まぼろしのつくりもの
フィクションのルール

物語の在り方アニメとかで綺麗なお姉さんみたいな母親がよく出てくるけど

アニメとかで綺麗で優しいお姉さんみたいな母親がよく出てくるけど、あれは本当に物語効果として有効性が高いのでしょうか?
特別な狙いがあって用いられているのでしょうか?

もちろん「普通のおばさん」である場合も多いです。
ともかく、主人公が母親と葛藤関係にあることは少ないと思うんです。

実際の人生では、母親とは支配的な生き物なので、そのエゴとの葛藤というのはかなりあるはずです。
でもそれはフィクションではあまり描かれない。

時々そういう作品を目にすることはありますが、母親との葛藤というのは、現実生活でありがちなテーマのわりには、出現頻度がかなり低いのです。


単純に言えば、物語とはカタルシスを求めるものです。
つまりフィクションは、いろんな意味でつくりものなのです。
ストーリーが架空であるというだけでなく、その物語の進み方も現実の骨組みとは違うのです。

現実世界ではたくさん出てくる要素でも、それが物語のカタルシスに繋がらないなら、カットされるわけです。
「母親との葛藤」などは、その典型です。
そういうのは現実にはありがちなんだろうけど、見ているといろんな意味でイライラするという人が多いでしょう。
思い当たるから鬱になるとか、あるいは、他人のそんなことに共感したくないとか。
ありがちな問題ではあっても、そういう家族の中でのゴタゴタにシンパシーを感じづらいのも確かです。

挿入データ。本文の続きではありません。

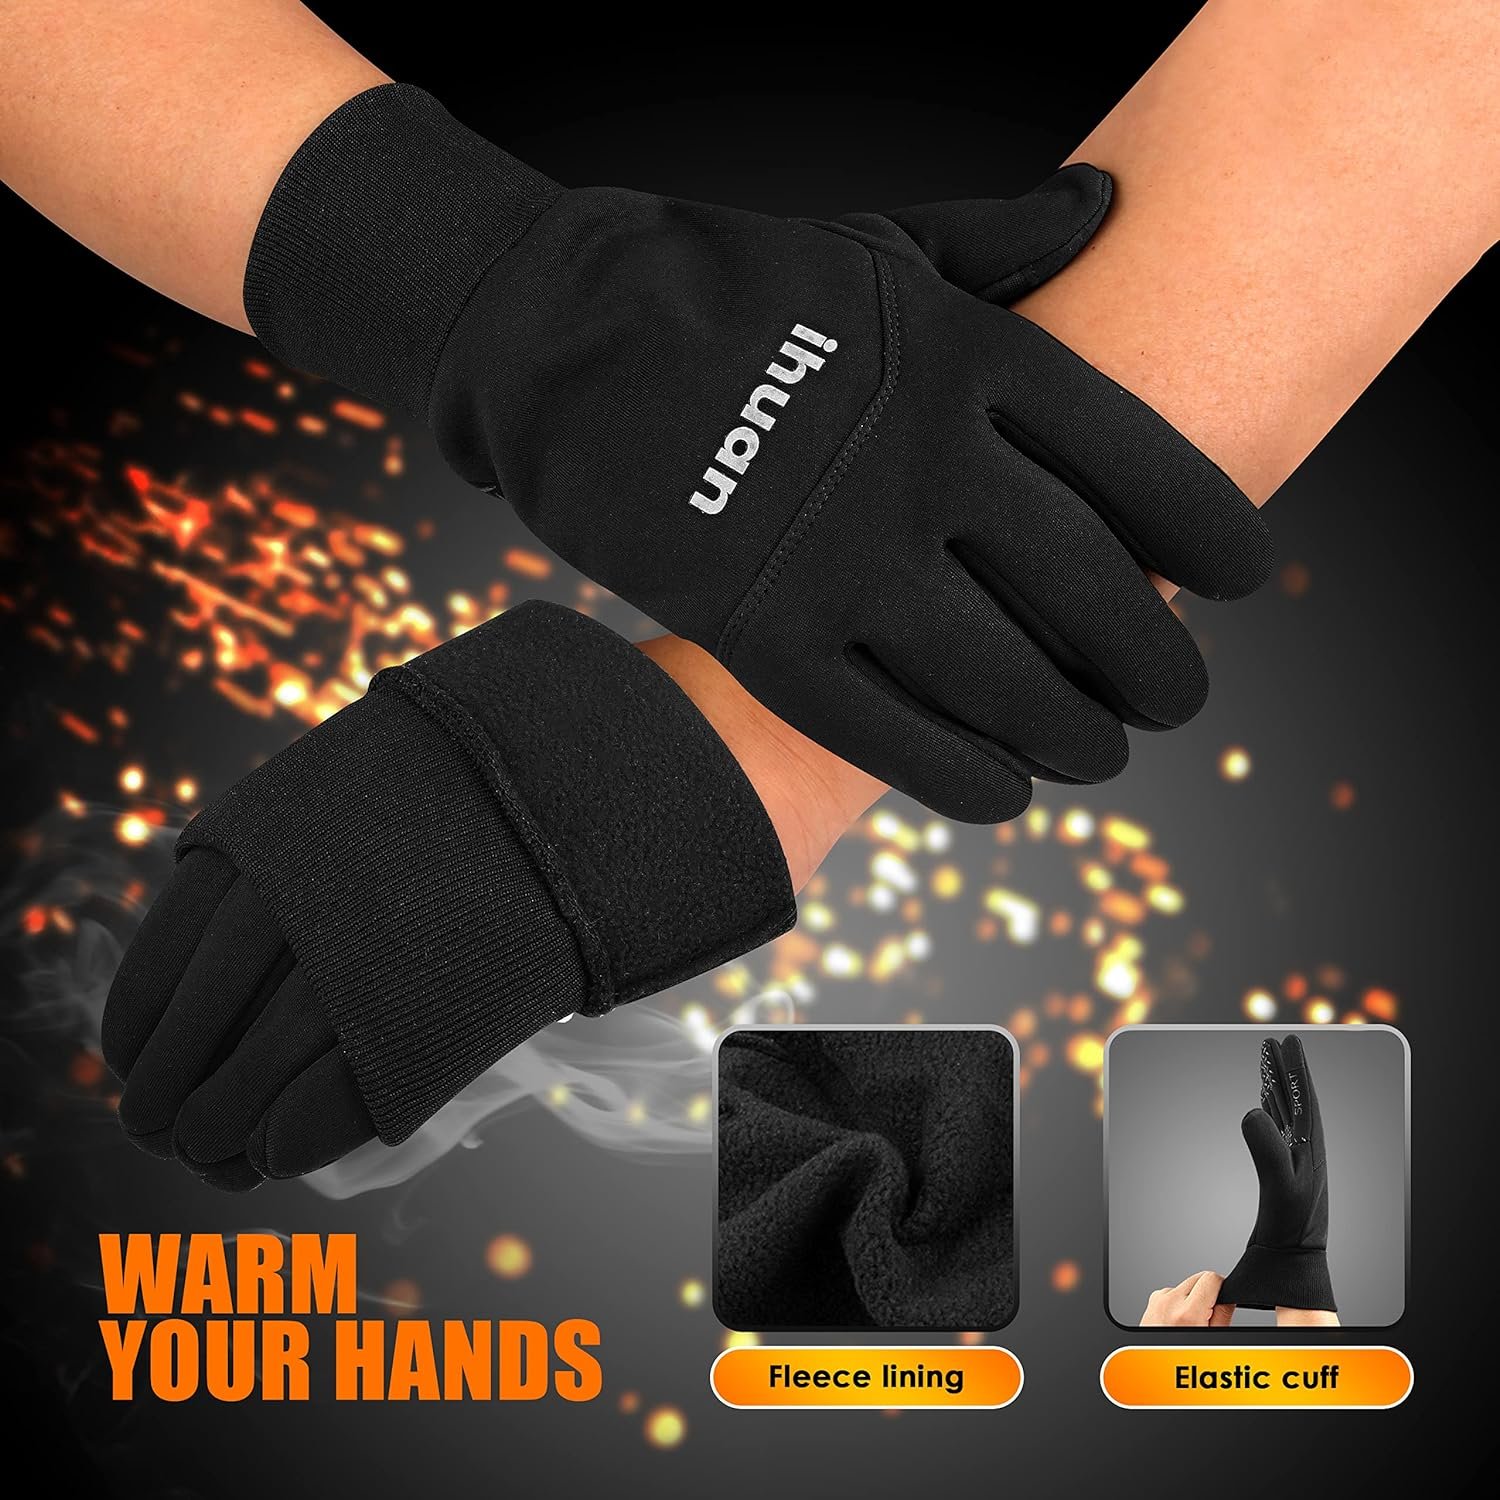 ihuan Winter Gloves Review

「綺麗なお姉さんみたいな母親」が登場するのも、葛藤関係を描くことの回避かと思われます。
物語効果が高いとは思わないんですよ。
綺麗なお姉さんみたいな母親から無償の愛情を注いでもらっていたというような描写は陳腐なわけです。
葛藤関係を描くのは面倒なので、「無償の愛」の方が無難だという選択になっていると思われます。


逆に言えば、カタルシスに繋がるなら葛藤を描くこともあります。
「Air」の親子愛などは、そういう感じでしょう。
つまり最終的な和解(理解し合うカタルシス)に到達するために、「Air」では母子関係の葛藤が描かれます。
葛藤を徹底して描いたというわけではなく、不和→和解という物語の図式にするために、前半部で仲の悪さを描いているという程度です。
そして、それが「Air」という作品の素晴らしさなわけです。
仮に葛藤関係それ自体を徹底的に描いていたら、不愉快な作品ということになったでしょう。